El Ministerio de Consumo ha iniciado un expediente sancionador contra la inmobiliaria Alquiler Seguro por presuntas prácticas abusivas en la gestión de alquileres de viviendas, centrando la investigación en la posible imposición a los inquilinos de contratar seguros y otros servicios adicionales no solicitados, lo que contravendría la Ley por el Derecho a la Vivienda. Esta acción se enmarca en un contexto de creciente preocupación por las prácticas abusivas en el mercado del alquiler, marcado por la subida de precios y la escasez de vivienda asequible, y se suma a otros expedientes sancionadores abiertos por el ministerio contra empresas del sector inmobiliario, como la plataforma Airbnb.
Alquiler Seguro, por su parte, niega las acusaciones y defiende la legalidad de sus prácticas, mostrando su disposición a colaborar con el Ministerio y a revisar sus procedimientos si es necesario. La inmobiliaria sostiene que los cobros que realiza, como la exigencia de dos mensualidades por garantía, están dentro del marco legal y no constituyen comisiones encubiertas. La investigación se inició a raíz de denuncias presentadas por organizaciones de consumidores como el Sindicato de Inquilinas-CECU, FACUA y la OCU.
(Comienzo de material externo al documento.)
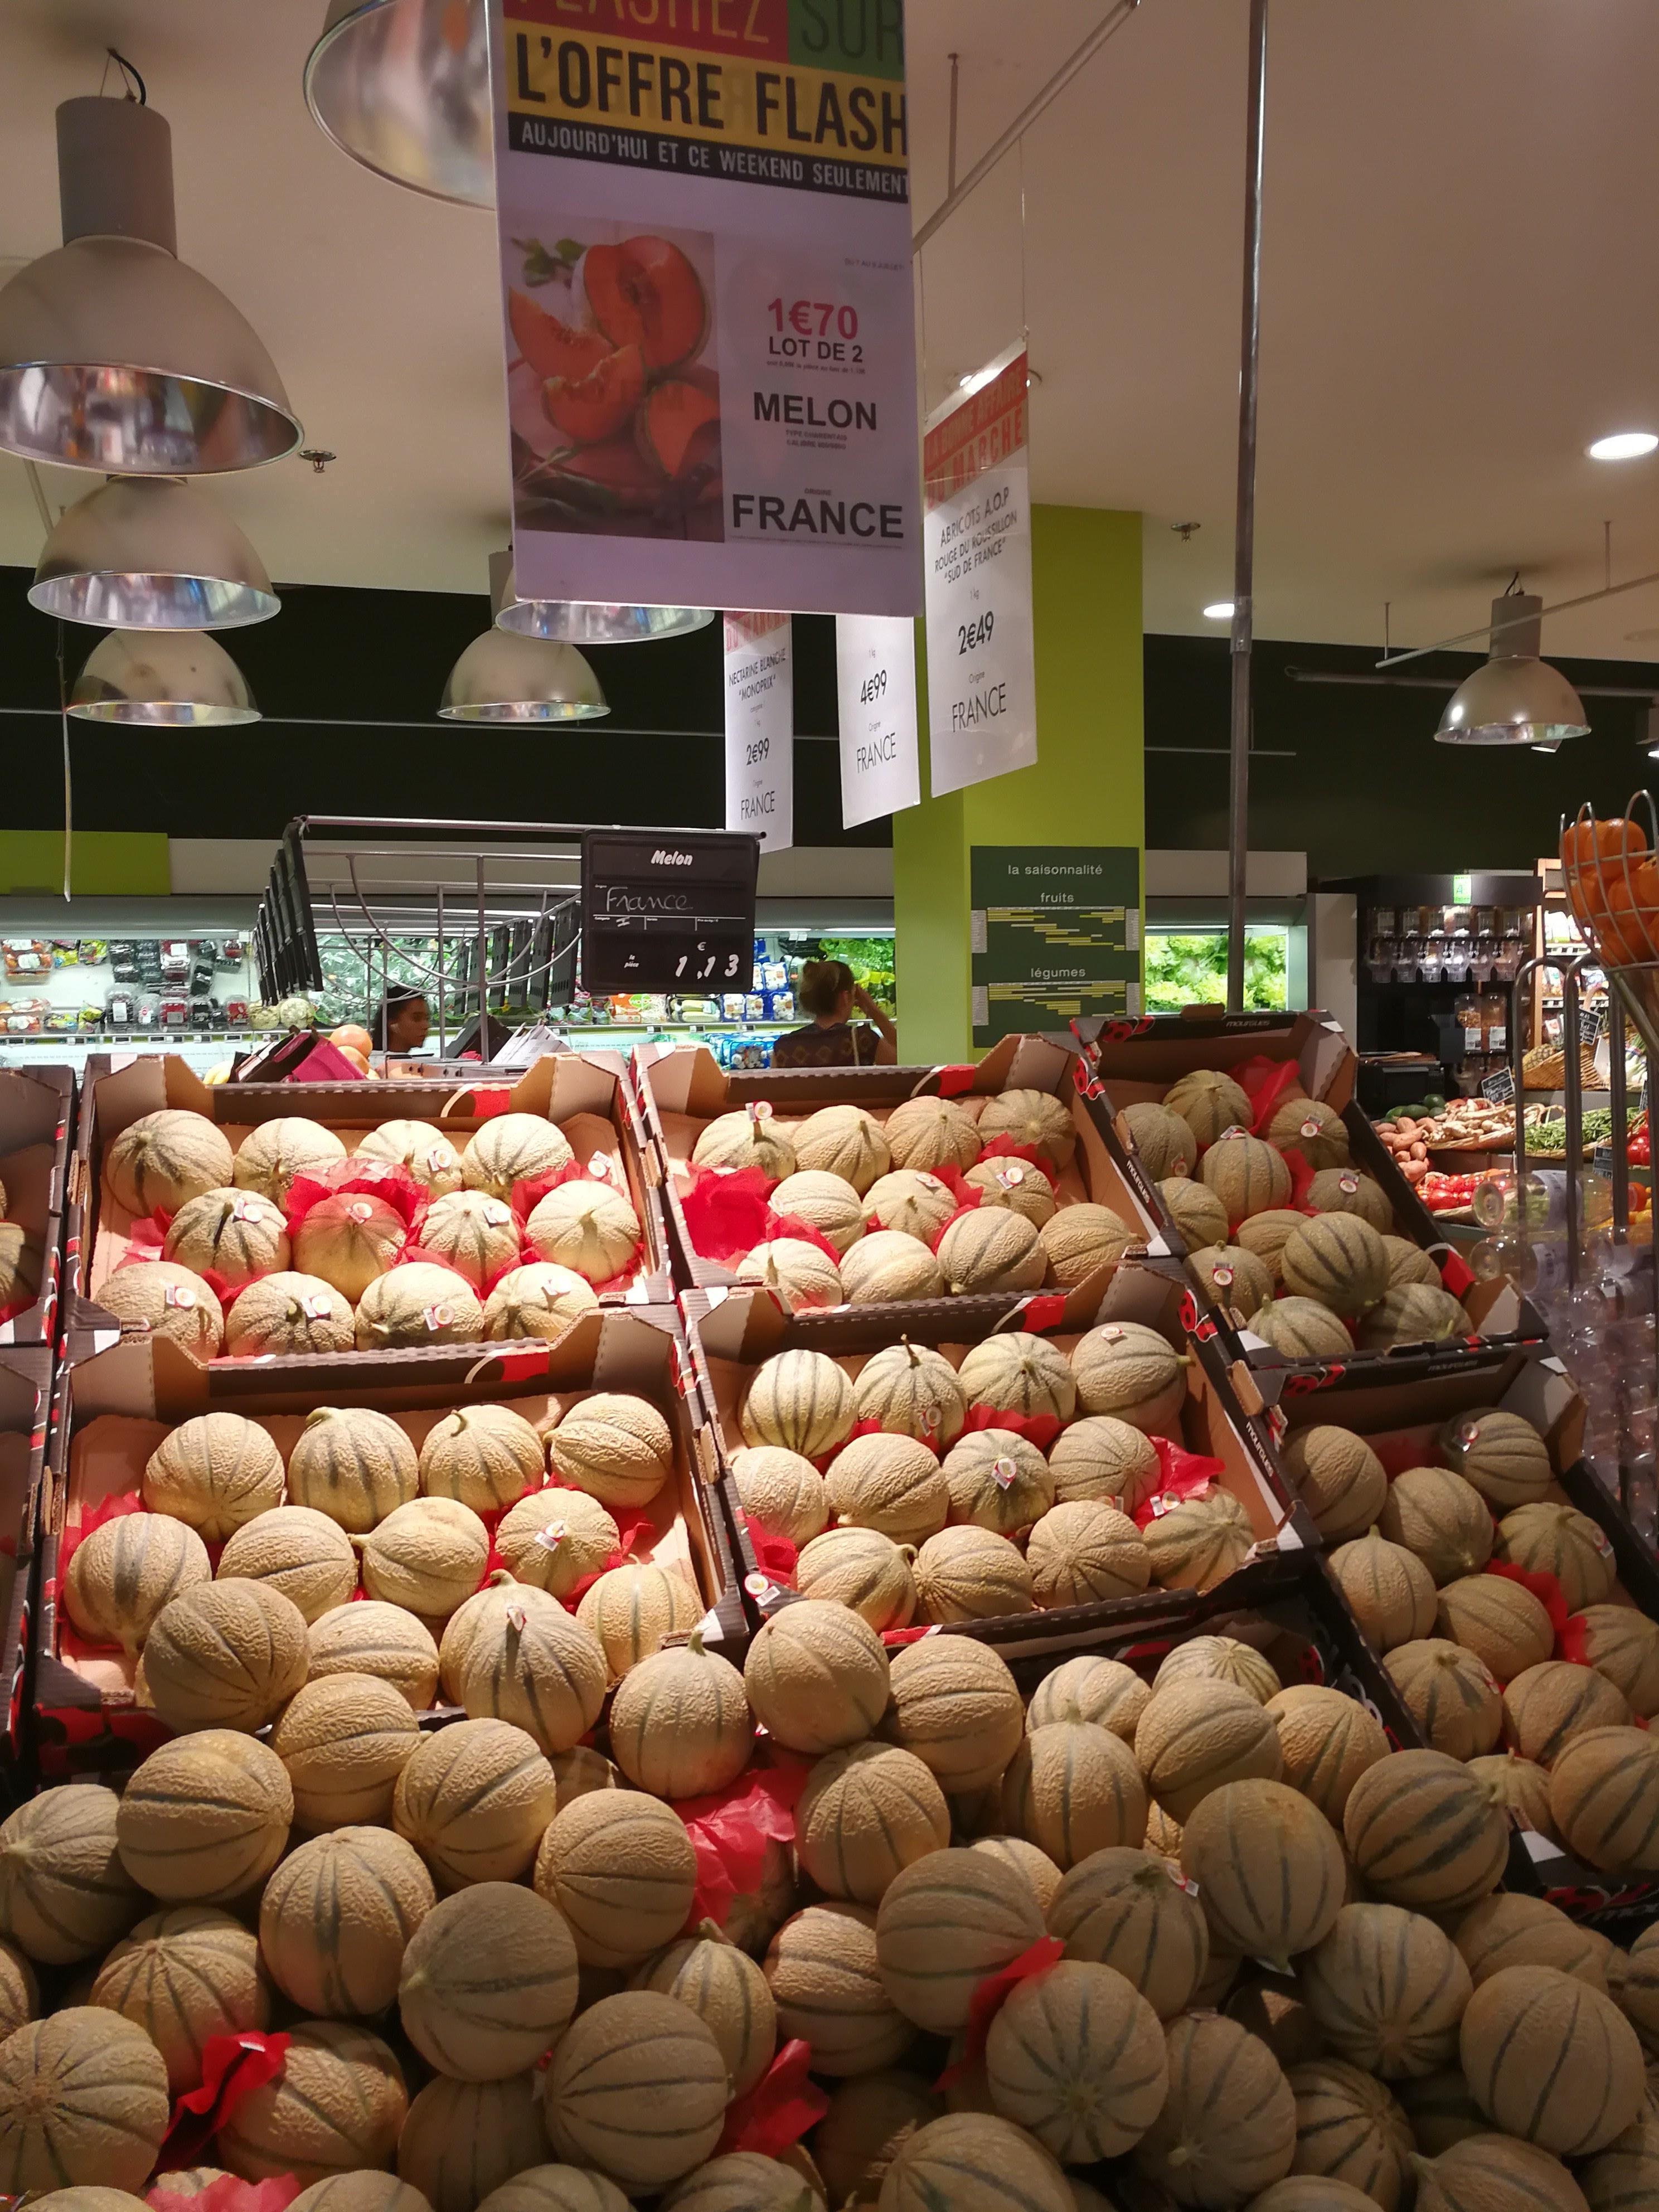 Lot de 2 melons Charentais - 800 / 950 g

Un aspecto relevante de la investigación es la mezcla que realiza Alquiler Seguro de su labor como inmobiliaria con la venta de seguros de impago de alquiler. Esta práctica ha generado críticas por parte del sector asegurador, que advierte sobre los posibles conflictos de interés y la falta de profesionalidad que puede derivarse de esta combinación de actividades. Profesionales de sector asegurador argumentan que la comercialización de seguros de impago debe realizarse de forma independiente y profesional, garantizando la protección tanto de propietarios como de inquilinos.
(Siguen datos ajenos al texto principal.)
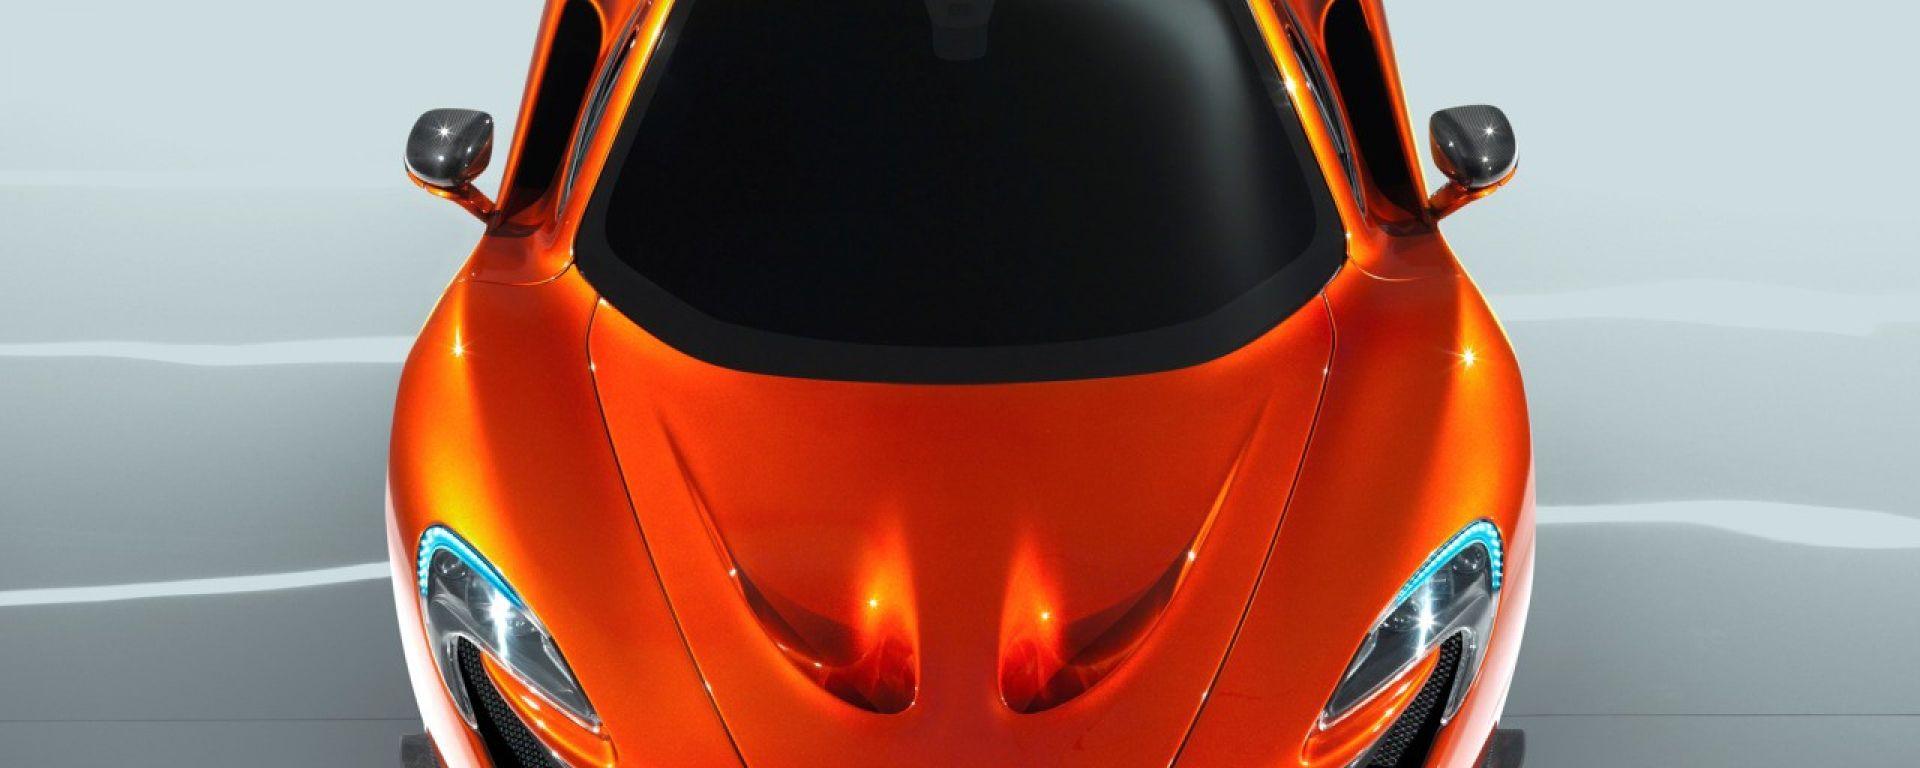 McLaren P1, nuove immagini ufficiali

Las sanciones por incumplimiento de la normativa pueden oscilar entre los 100.000 euros y un millón de euros, dependiendo de la gravedad de la infracción y de los beneficios ilícitos obtenidos. En resumen, el Ministerio de Consumo está tomando medidas para proteger los derechos de los inquilinos y garantizar el cumplimiento de la ley en el sector del alquiler, mientras que el sector asegurador reclama una separación clara entre las actividades inmobiliarias y la de seguros.